It takes a set of long reads and optional short reads and runs the following tools (all steps optional):
- filtlong (pre-assembly filtering) (https://github.com/rrwick/Filtlong)
- flye (assembly) (https://github.com/fenderglass/Flye)
- medaka (long-read polishing) (https://github.com/nanoporetech/medaka)
- polypolish (short-read polishing) (https://github.com/rrwick/Polypolish)

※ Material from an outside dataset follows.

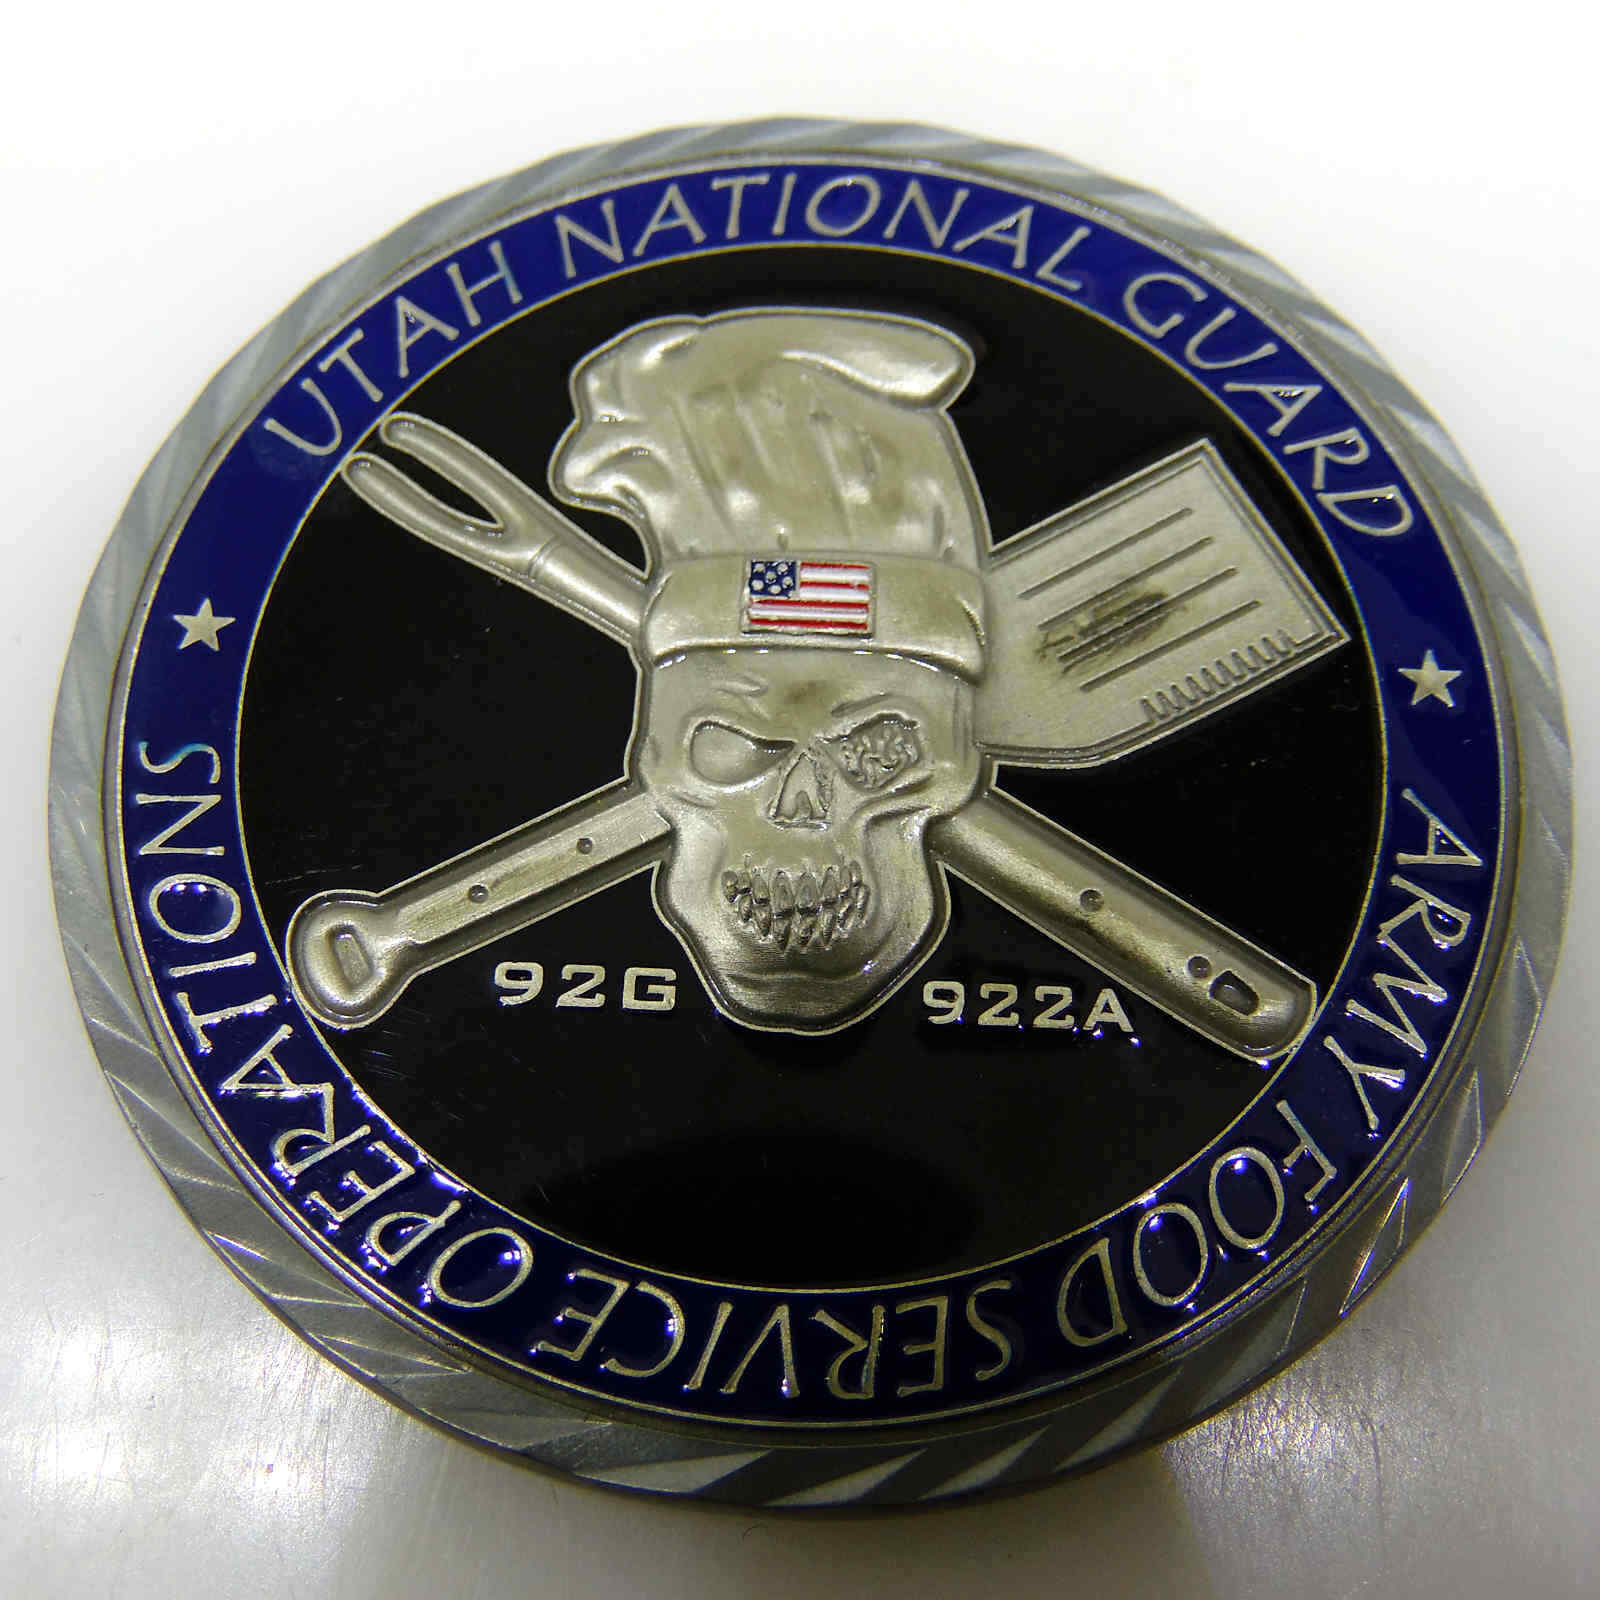 UTAH NATIONAL GUARD ARMY FOOD SERVICE OPERATIONS CHALLENGE COIN
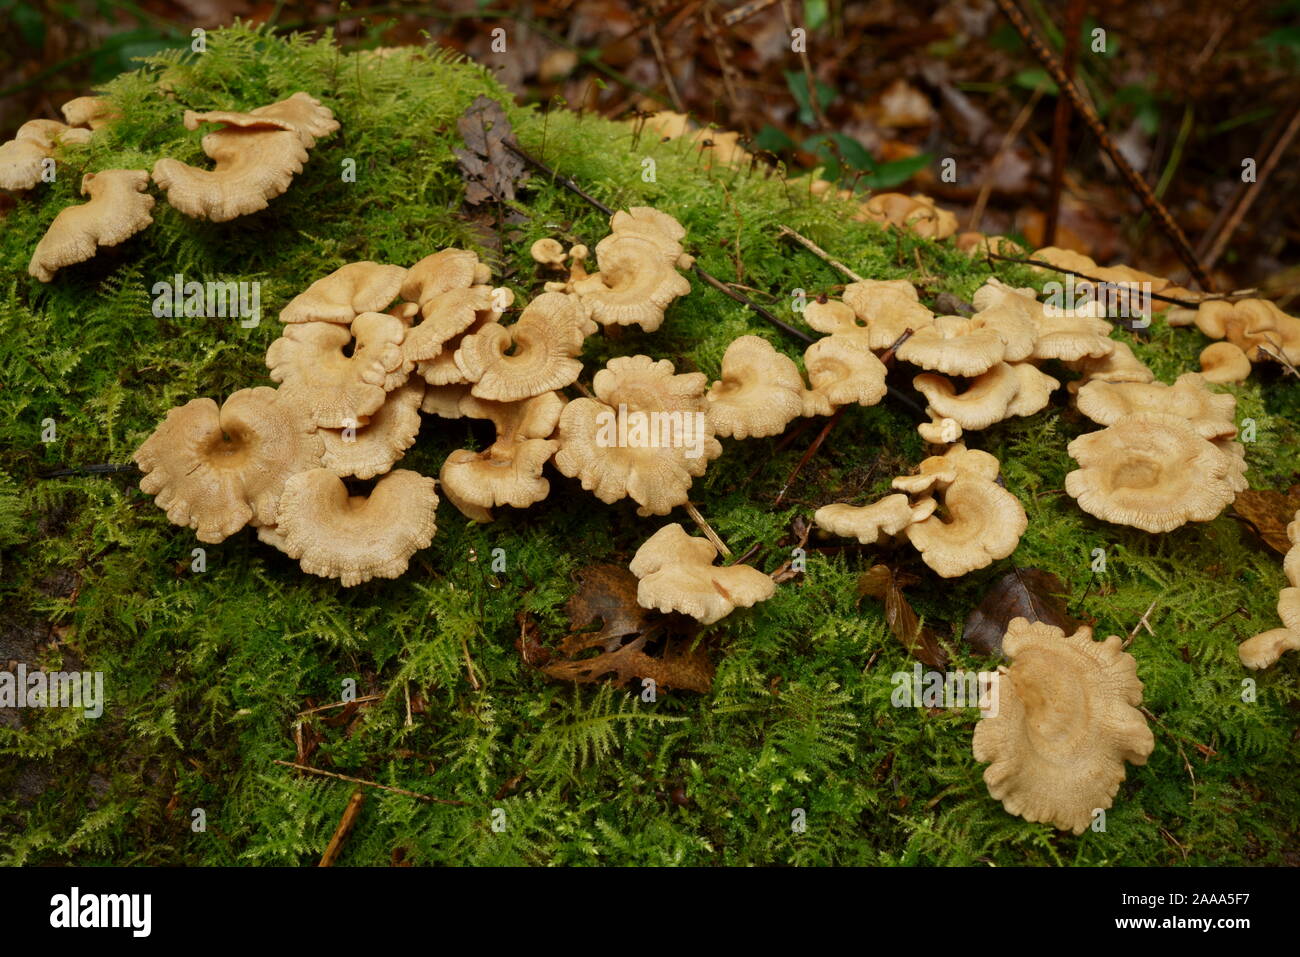 Fungi growing on a moss covered log on Ashdown forest. Stock Photo

- polca (short-read polishing) (https://github.com/alekseyzimin/masurca)
#Open up a screen session
screen -R run_clinopore
#Clone the clinopore repository:
git clone https://github.com/HughCottingham/clinopore-nf.git && cd clinopore-nf
#Install the conda environments (skip this step if running on MASSIVE):
conda env create -f clinopore.yml -p /path/to/clinopore/conda/env
conda env create -f polca.yml -p /path/to/polca/conda/env
#Set run parameters:
nano nextflow.config
#Run the pipeline
conda activate /path/to/clinopore/conda/env
nextflow run clinopore.nf --clinopore_env /path/to/clinopore/conda/env --polca_env /path/to/polca/conda/env
The most important part of running the pipeline is ensuring your read data is in the correct format and has its path set as an input parameter. All reads (short and long) should be specified in the nextflow.config
file (reads/*fastq.gz
by default). Long reads should be in the format {isolate_id}.fastq.gz
while short reads should be in the format {isolate_id}_1.fastq.gz
/{isolate_id}_2.fastq.gz
.
There are several other options that can be set by modifying nextflow.config
. Below is a summary of these options.
Option | Description | Default |
---|---|---|
clinopore_env |
clinopore conda environment (MUST set) | '/path/to/clinopore/env' |
polca_env |
polca conda environment (MUST set) | '/path/to/polca/env' |
reads |
Glob pattern matching input reads | 'reads/*fastq.gz' |
medaka_model |
Medaka model (see medaka github documentation for details) | 'r941_min_sup_g507' |
filter_reads |
Optional read filtering step ('true' or 'false') | 'true' |
long_read_polish |
Optional long-read polishing step ('true' or 'false') | 'true' |
short_read_polish |
Optional short-read polishing step ('true' or 'false') | 'true' |
outdir |
Output directory | 'assemblies' |
read_qc |
Optional read QC (Nanostats and fastqc) ('true' or 'false') | 'true' |
polishing_stats |
Optional summary of bases added/subtracted at each polishing step ('true' or 'false') | 'true' |
failure_action |
Option to ignore ('ignore') or terminate ('terminate') on errors (local execution only) | 'terminate' |
threads |
Number of threads to use (local execution only) | 16 |
max_retries |
MASSIVE use only - How many times should slurm retry the job with higher CPUs, RAM and/or walltime? | 3 |
queue_size |
MASSIVE use only - Maximum number of jobs to submit at once | 50 |
slurm_account |
MASSIVE use only (MUST set if running on MASSIVE) | 'slurm_account' |
If all steps of the pipeline are run, the final assembly files will be in the base of the output directory named {isolate_id}_medaka_polypolish_polca.fasta
. If you don't run every step or are interested in the intermediates, the intermediate fasta files are in the directories {output_dir}/flye
, {output_dir}/medaka
and {output_dir}/polypolish
. The assembly graph files produced by flye are also provided in the {output_dir}/gfa
directory to allow for visualisation in a tool like Bandage.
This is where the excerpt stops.